_Problem requirements_
Restate the data below word for word, omitting pictures.

_Data section_
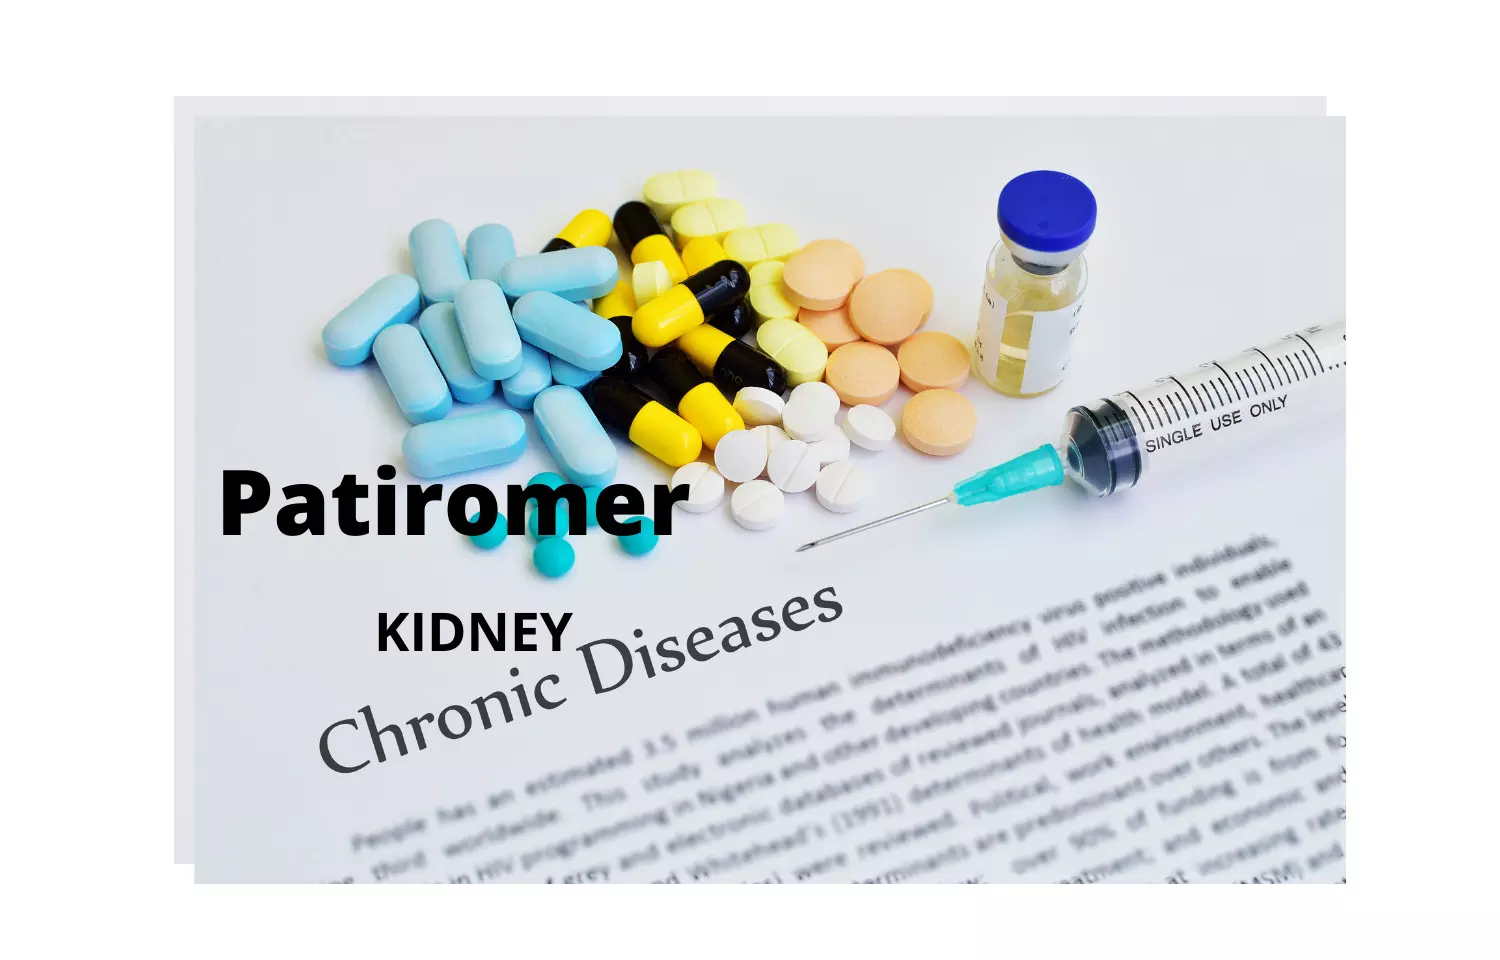 Patiromer prolongs use of spironolactone independently of diabetes status: Study
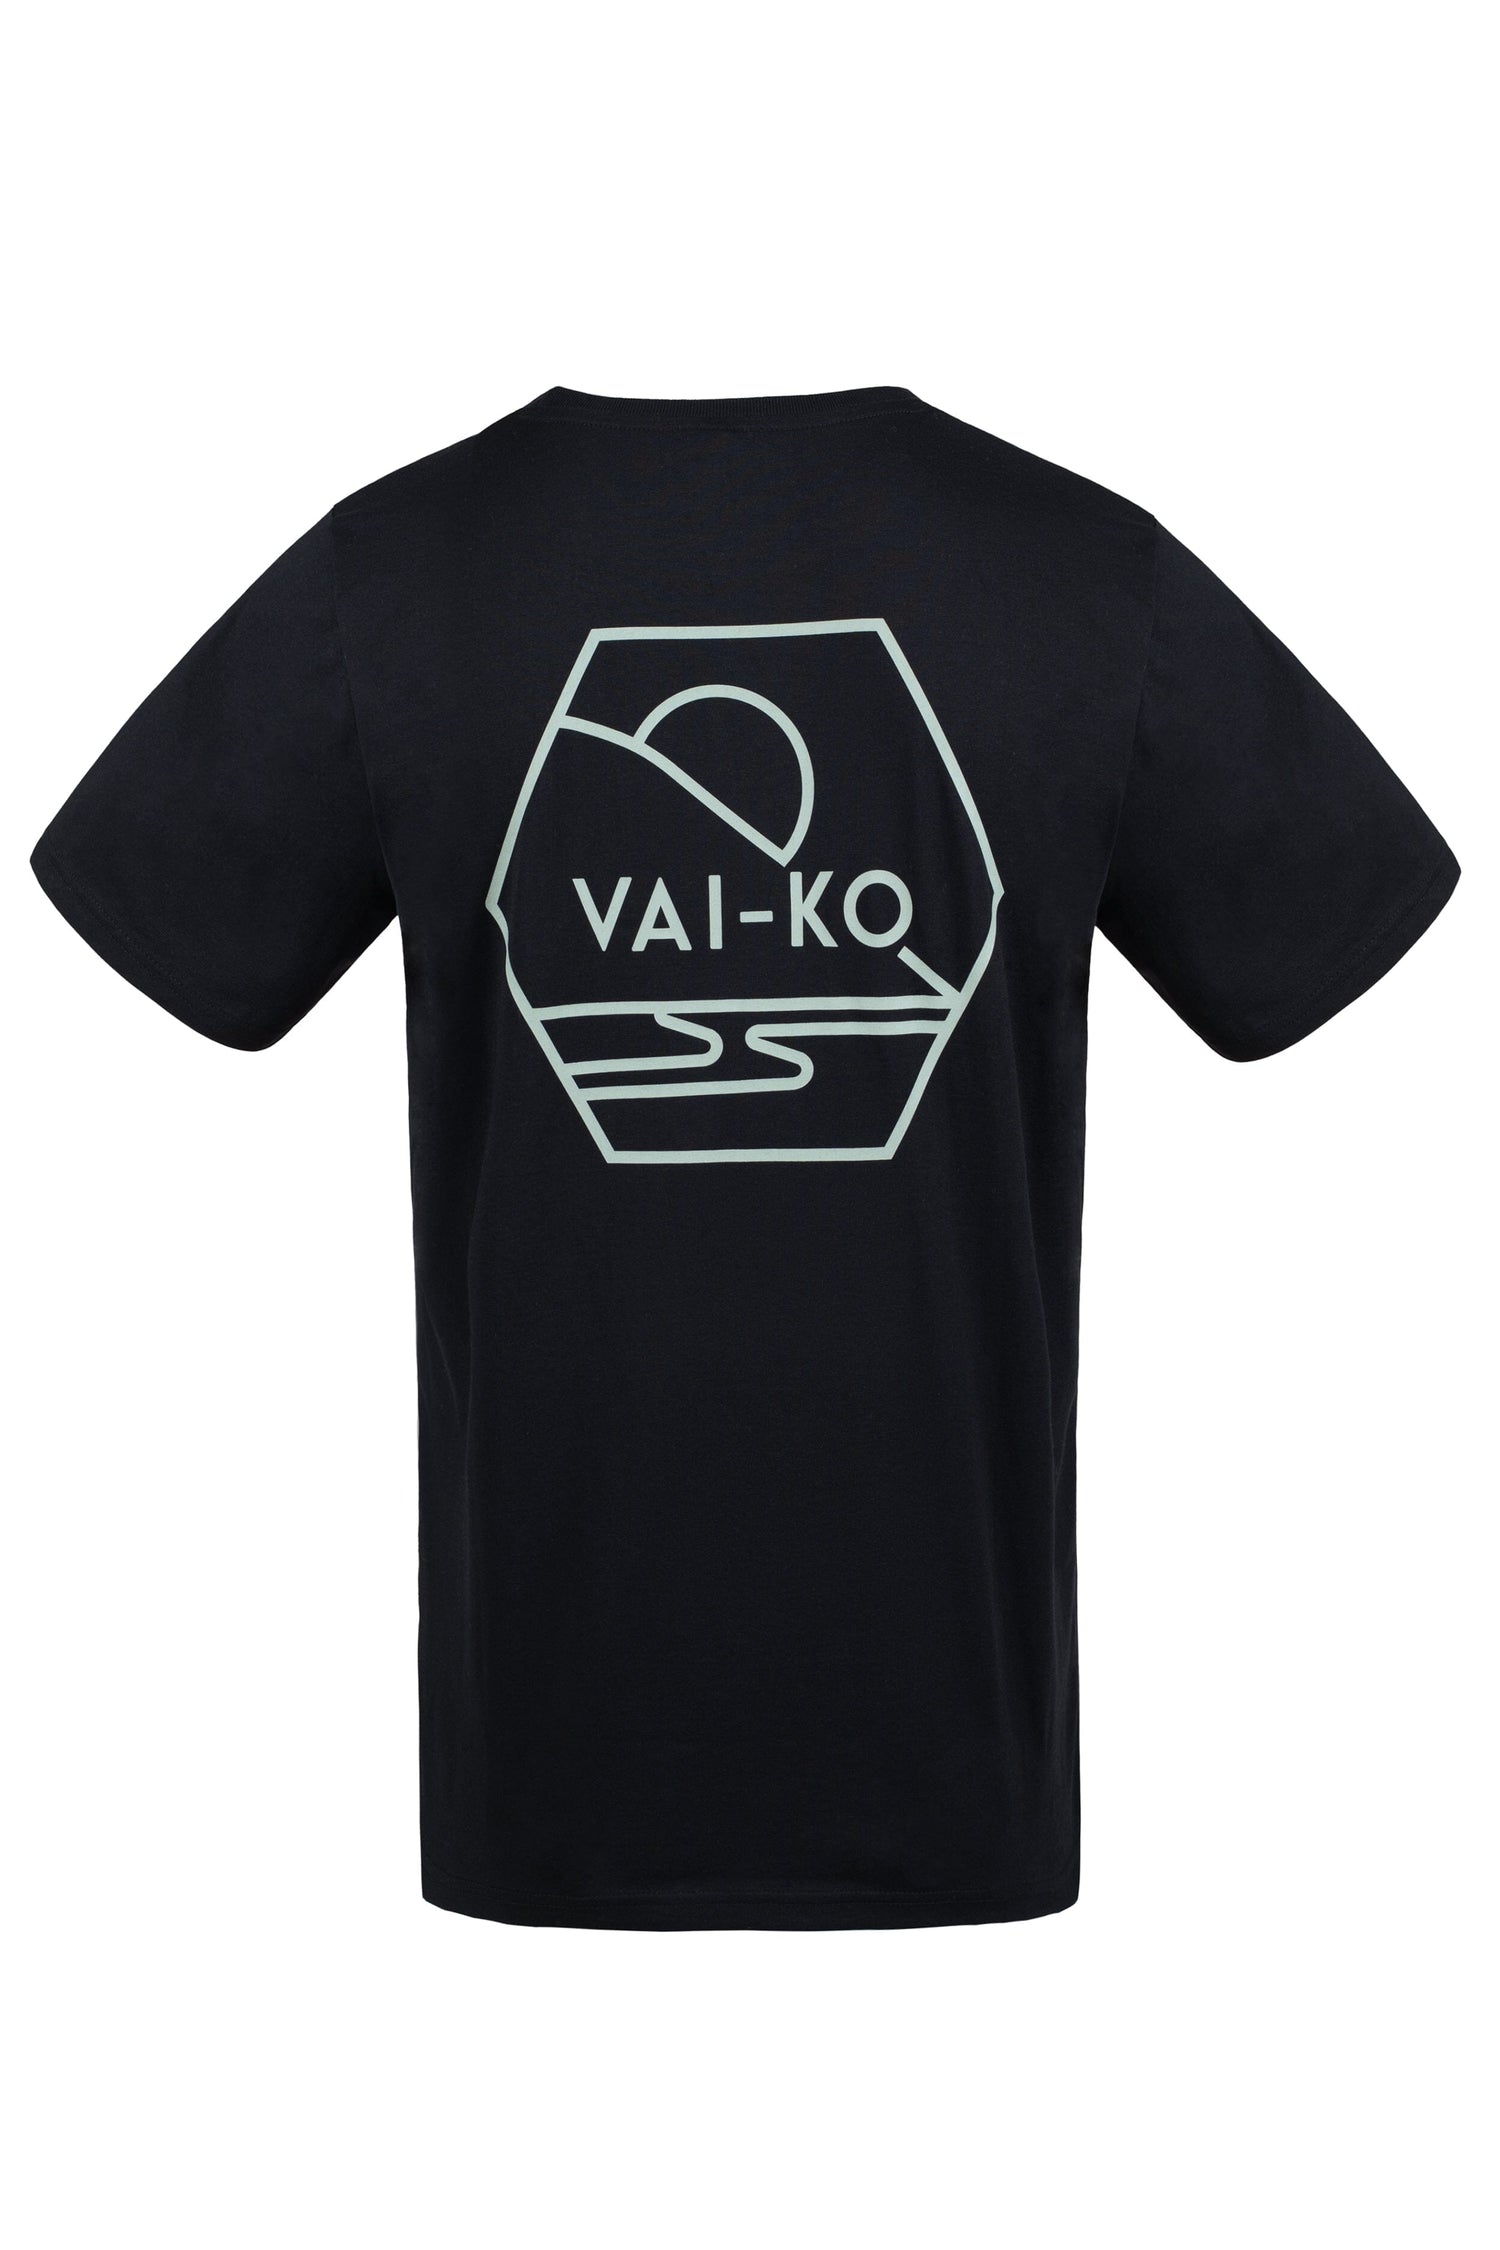 VAI-KØ M's Kultakero T-shirt - Organic cotton Shirt
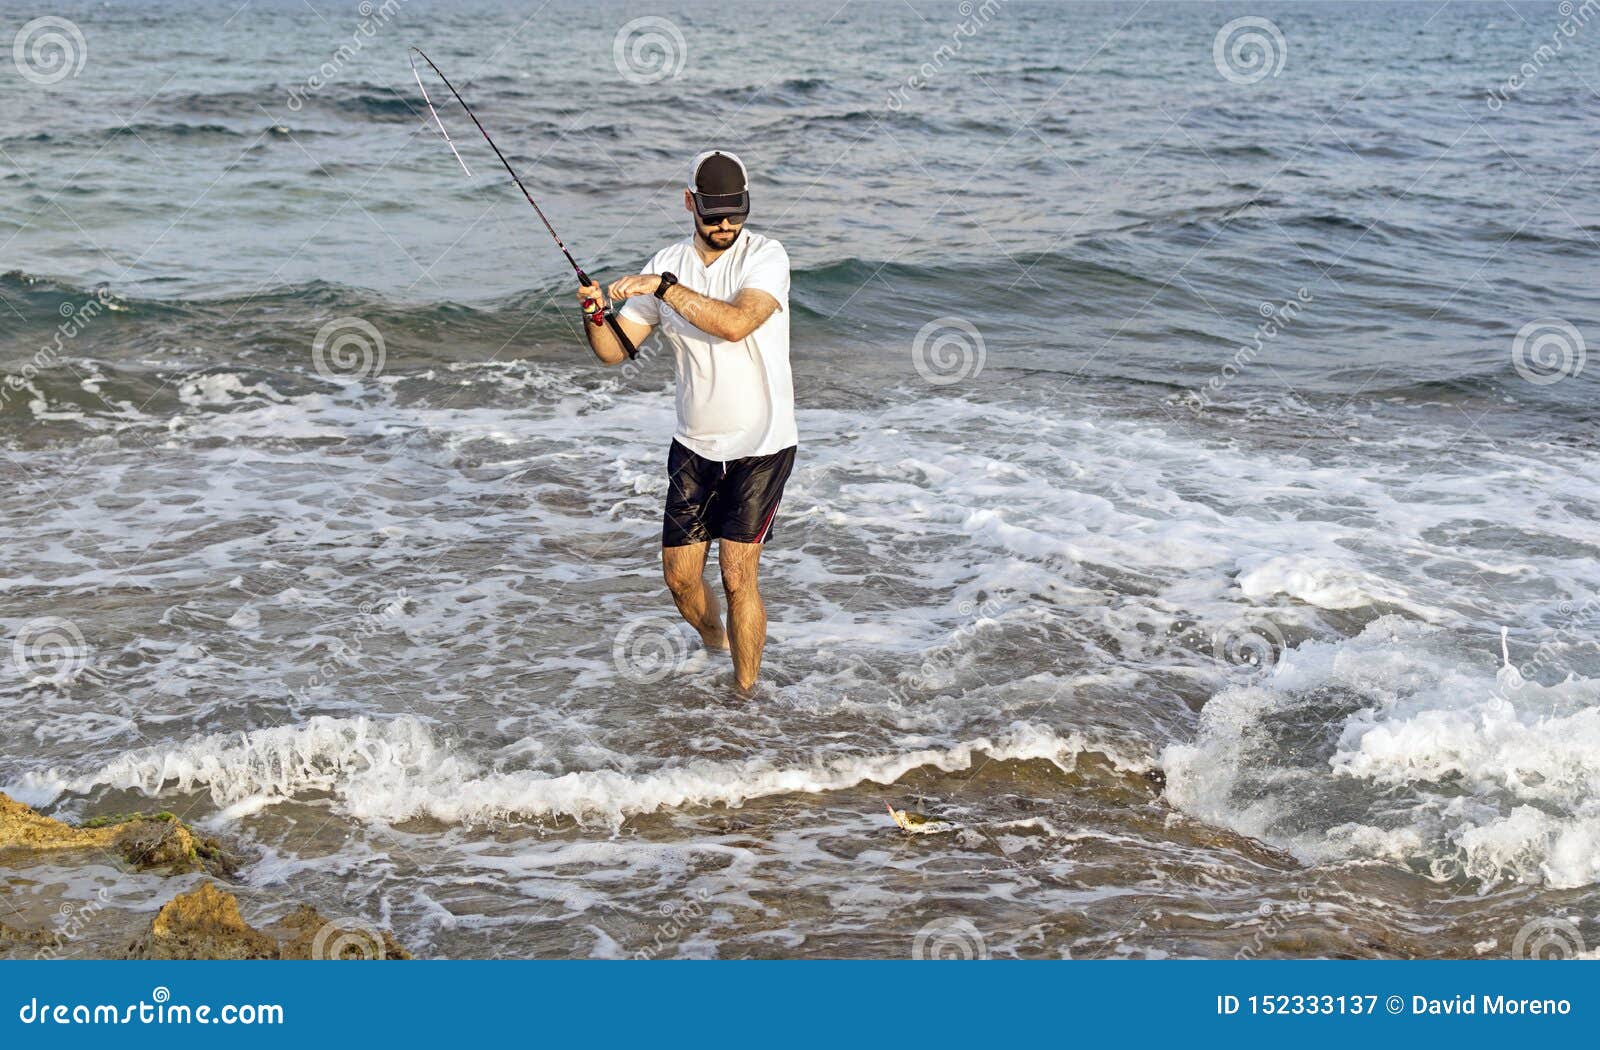 https://thumbs.dreamstime.com/z/fisherman-standing-seashore-hooks-fish-rock-fishing-stickbait-152333137.jpg
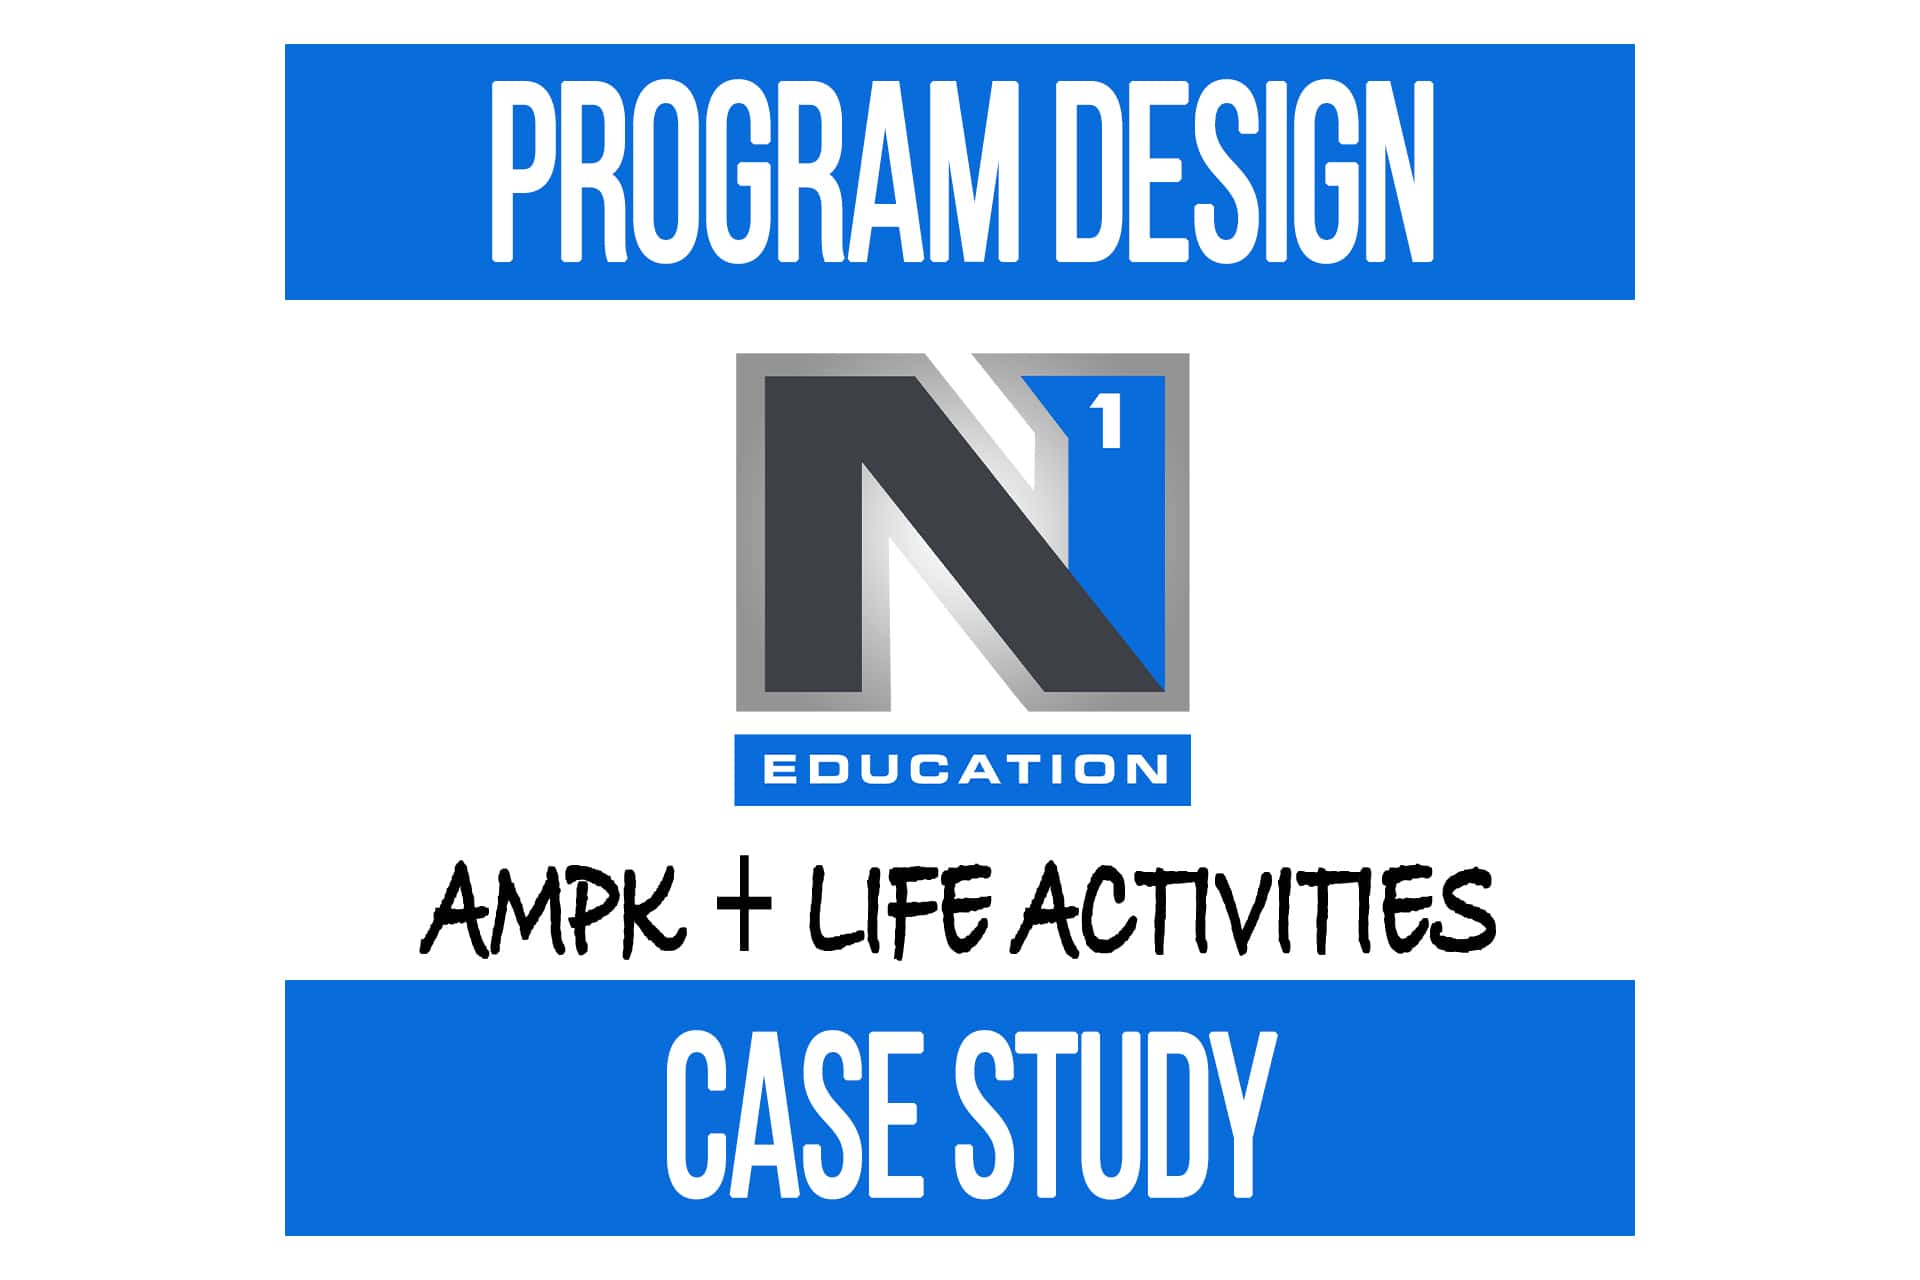 Program Design Case Study: AMPK + Life Activities

_Result below_
 Patiromer prolongs use of spironolactone independently of diabetes status: Study
 VAI-KØ M's Kultakero T-shirt - Organic cotton Shirt
 https://thumbs.dreamstime.com/z/fisherman-standing-seashore-hooks-fish-rock-fishing-stickbait-152333137.jpg
 Program Design Case Study: AMPK + Life Activities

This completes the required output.